Юра на минуту задумался. За круговыми экранами тихо лил дождь, периодически усиливаясь, изредка полыхали молнии, и тогда в их отсвете было видно, как чернота вокруг корабля глянцево струится. Раскаты грома доносились на исходе силы. Гроза бушевала где-то далеко.

— Юра, — сказал Гриша Чумаков, — давай я пока поищу, чем тебе можно обработать рану. И вообще… — Он хотел добавить «утро вечера мудренее», но Юра перебил его.

— Погоди. Постарайся еще раз вспомнить, о чем вы говорили с дедом перед новым годом.

— Тебе это кажется таким важным?

— Да. Он должен был тебе сказать что-то, дать какой-то намек, который ты смог бы понять только здесь.

— Но ведь дед мог и не знать, что наша последняя встреча не состоится и придется спешно лететь на этот полигон.

— Дед? Шеф информационного отдела? Куратор и прочая, и прочая?

Гриша уже раскрыл рот, чтобы сказать нечто вроде: Юра, у тебя паранойя, но вместо этого произнес совсем другое.

— Хорошо. Но я должен тебе сказать, что думал уже над этим бесконечное число раз с тех пор как мы сдали пеший маршрут в Альпах и начали готовиться к зачету. Наша встреча с дедом в мае сорвалась, и я попробовал рассуждать так же, как и ты сейчас. Но, поверь, я много раз прокручивал в памяти наш последний разговор и так и не нашел в нем ни какого намека. Но, изволь, для тебя я снова повторю.

— Изволь.

— Тем более что я отлично помню все детали беседы.
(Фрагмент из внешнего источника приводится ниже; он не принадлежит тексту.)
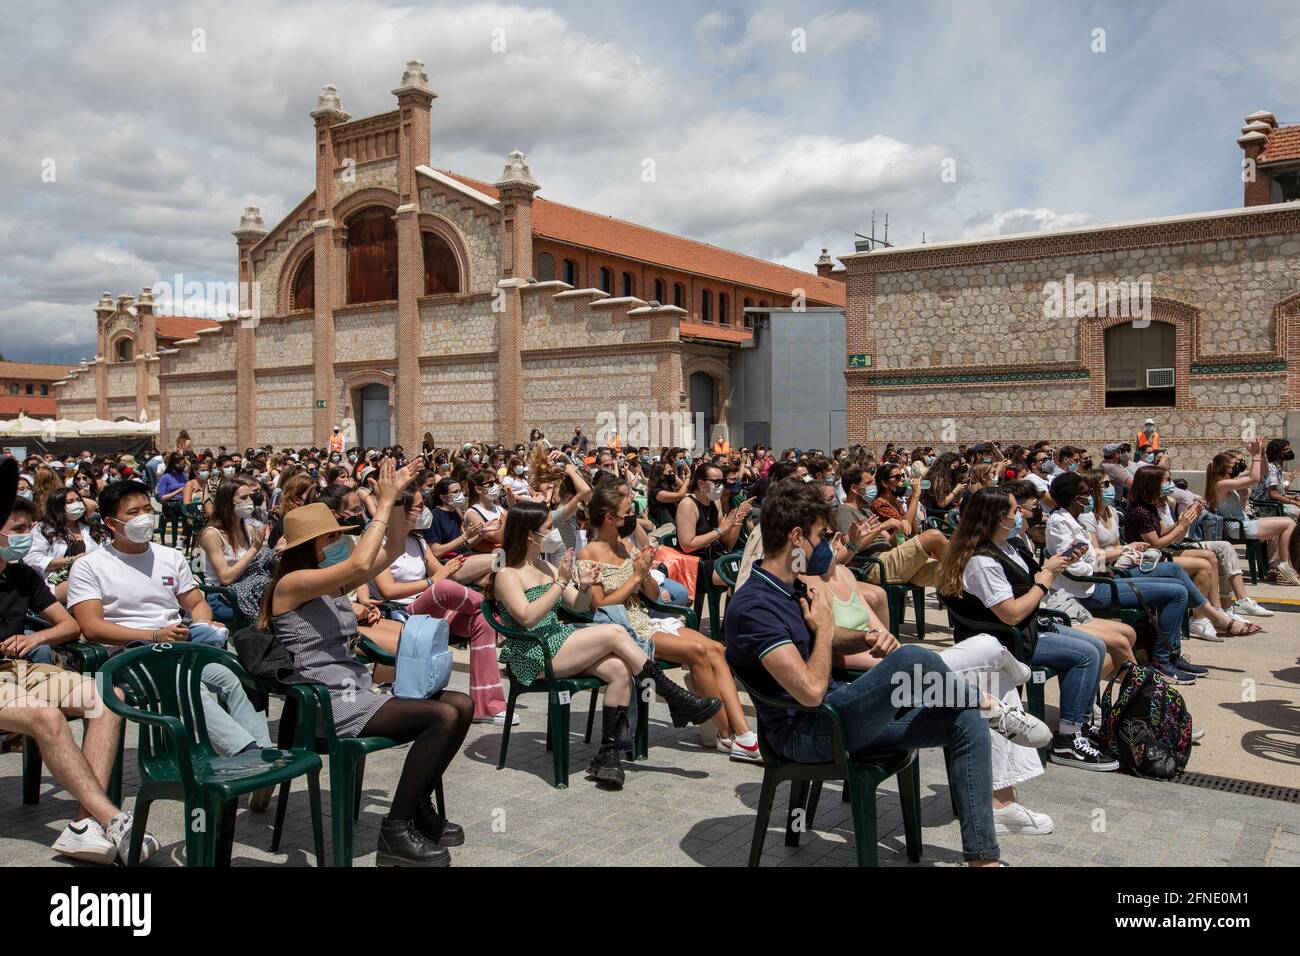 Madrid, Spain. 16th May, 2021. People wearing face masks attend a music  concert of singer Don Patricio in Matadero Madrid during the San Isidro  Festivities. The Festivities of San Isidro 2021 are

— Буду тебе очень признателен.

— К деду я приехал довольно поздно. Он меня встретил у крыльца. В доме кроме нас с ним никого не было, и весь рождественский вечер мы проговорили о наших родственниках дальних и ближних, дед вспоминал свою молодость. На следующий день началось потепление, погода испортилась. Утром был туман, потом пошел снег с дождем. Мы с дедом поехали в колумбарий на окраине, где похоронены мои прадед и прабабка, и на обратном пути он завел разговор…

— О зачете?

— Не то чтобы о зачете. Скорее, это были какие-то философские сентенции, которые к зачету имеют самое отдаленное отношение. А потом разговор незаметно перешел на вопросы генной инженерии и перспективы, связанные с изменениями свойств человеческого тела. Ты знаешь, дед может очень интересно рассказывать, но тут он постоянно сбивался на какие-то абстрактные философские дилеммы.

— О чем именно?

— Проблемы веры и знаний, добра и зла, продолжать?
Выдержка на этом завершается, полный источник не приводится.